**Exercise brief:** Go through the data and copy each line that holds "celebration".

**Source data:**
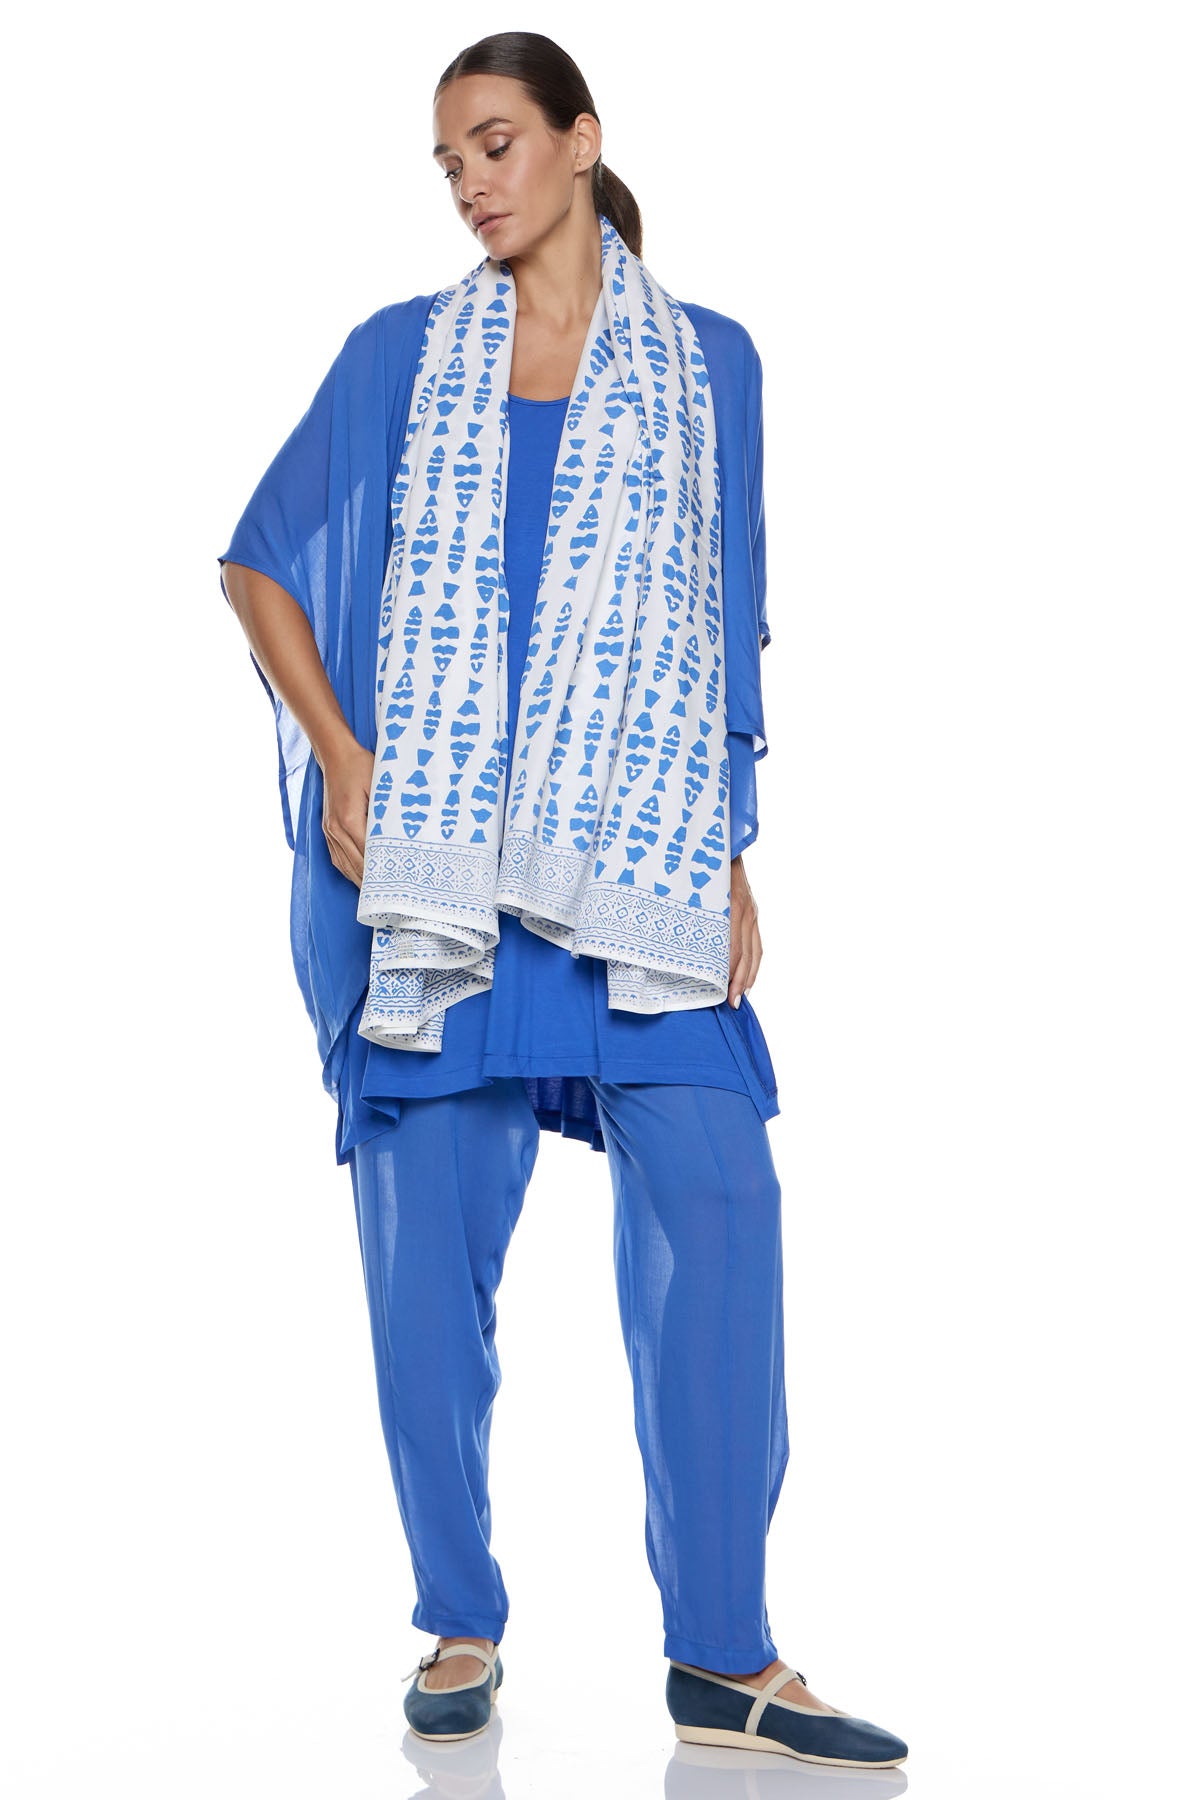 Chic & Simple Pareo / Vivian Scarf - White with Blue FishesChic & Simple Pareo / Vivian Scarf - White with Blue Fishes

==

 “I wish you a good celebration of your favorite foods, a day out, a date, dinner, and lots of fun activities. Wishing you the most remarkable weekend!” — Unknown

---

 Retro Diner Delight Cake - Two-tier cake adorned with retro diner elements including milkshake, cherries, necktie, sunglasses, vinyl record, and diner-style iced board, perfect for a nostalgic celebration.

**Your solution:**
 “I wish you a good celebration of your favorite foods, a day out, a date, dinner, and lots of fun activities. Wishing you the most remarkable weekend!” — Unknown
 Retro Diner Delight Cake - Two-tier cake adorned with retro diner elements including milkshake, cherries, necktie, sunglasses, vinyl record, and diner-style iced board, perfect for a nostalgic celebration.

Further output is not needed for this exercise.